The MI5 chief described the extent of the problem as “astonishing – with industrial-scale processes involving many thousands of people lying behind both state sponsored cyber espionage and organised cybercrime”, and called upon the private sector and government to improve its information-sharing about cyber attacks.
I presume Jonathan Evans meant “astonishing” to the man in the street, and not to himself or those involved in computer security, as the last few years have shown a clear indication of a new pillar of cybercrime.
We started off with the hobbyists, hacking systems or coding malware for fun or for the intellectual challenge. Much of what they did would fall foul of computer misuse laws about unauthorised access or modification, but the motivation was often to show off to their pals rather than to make money.
Some of these hobbyists still exist, although their numbers have depleted as they have realized that it can be a dangerous game to play if the authorities take a dim view of their activities.
Then we saw the financially-motivated cybercriminals – stealing banking passwords, installing keyloggers, hijacking computers to display adverts for money-making schemes, recruiting compromised computers into botnets in order to send spam. These remain a considerable force to be reckoned with, and account for the majority of the attacks that we see.
More recently we have seen the rise of hacktivism, with more hackers breaking into systems to expose what they view as corporate hypocrisy or lax security or to spread a political message. Hackers waving the banners of Anonymous and LulzSec have engaged in crippling denial-of-service attacks, data breaches, and defacements with often no obvious financial motivation in mind.
And then there’s state-sponsored cybercrime and internet espionage. This area of cybercrime is shrouded in the deepest, thickest fog – and attribution continued to be a monumental problem – but speculation about government and military use of the internet to spy continues to grow.
Whether it be the USA and Israel building malware to infiltrate Iranian nuclear systems, the mystery of who would want to break into computers at Japanese submarine manufacturing plants, or the British speaking bullishly about its willingness to launch a pre-emptive strike across the internet against aggressors, it would be naive to think that countries are not using the net for such purposes.
And why shouldn’t they?

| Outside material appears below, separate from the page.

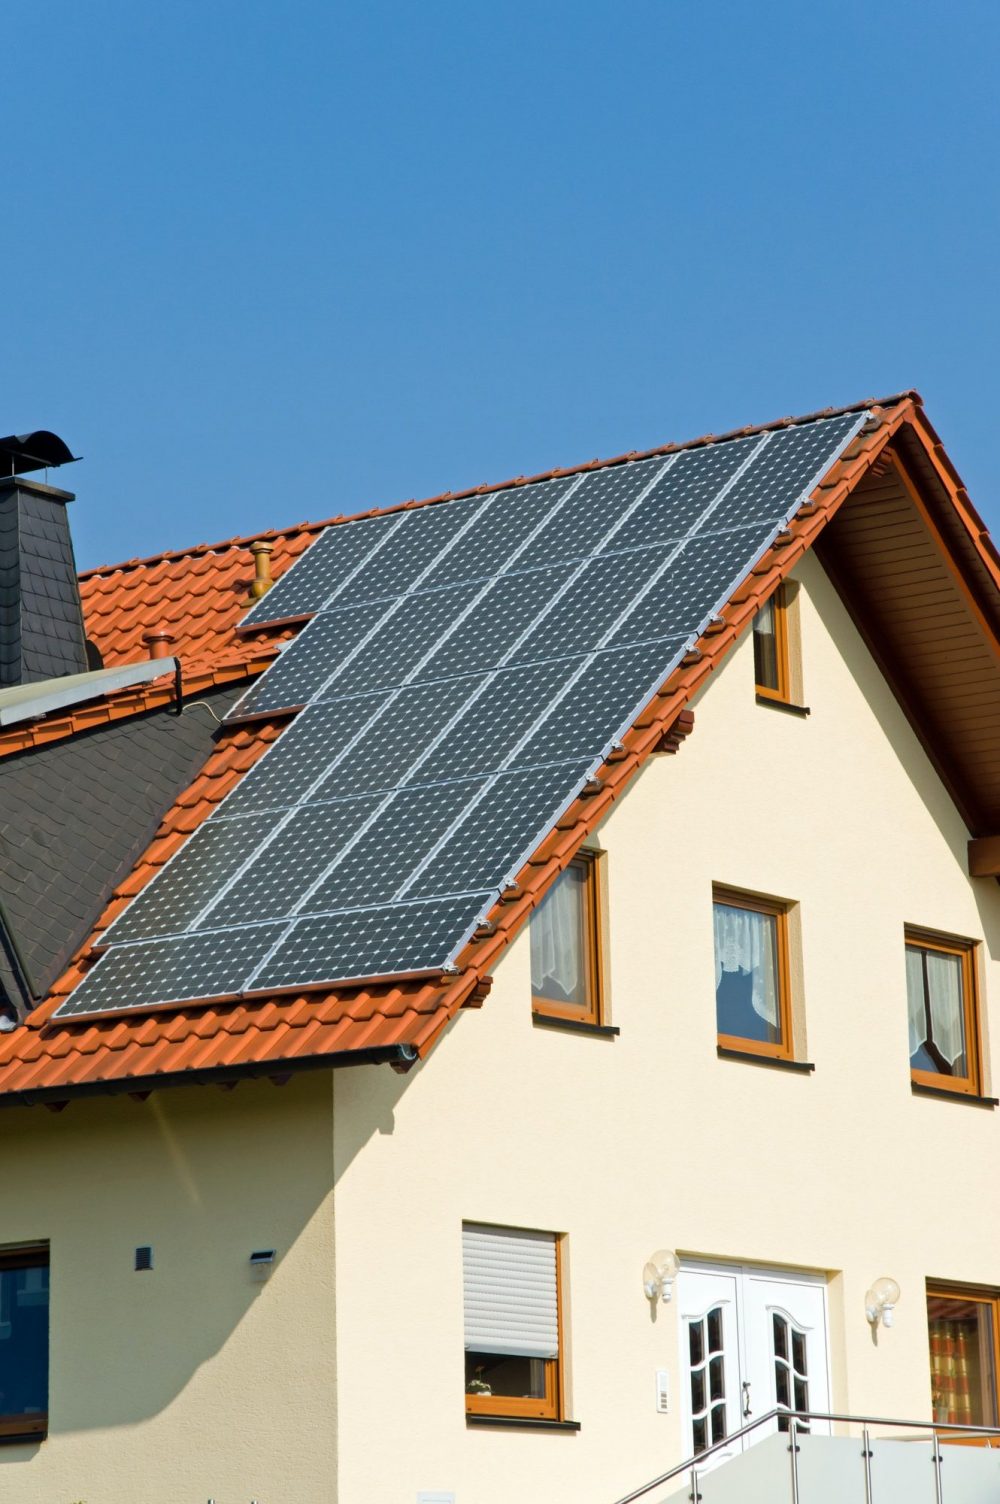 roof-with-solar-panels-in-germany-e1617069647324.jpg

After all, it’s probably cheaper and less dangerous to spy on another state’s government or a foreign company using malware than to use the old-fashioned method of planting a physical agent there.
So, yes, I’m not astonished to read that UK businesses and governments are believed to be under internet attacks from other states. But I also acknowledge that my own country is likely to be doing the very same thing.
That means that all of us, wherever we are in the world, should be working hard to maximise our computers’ security.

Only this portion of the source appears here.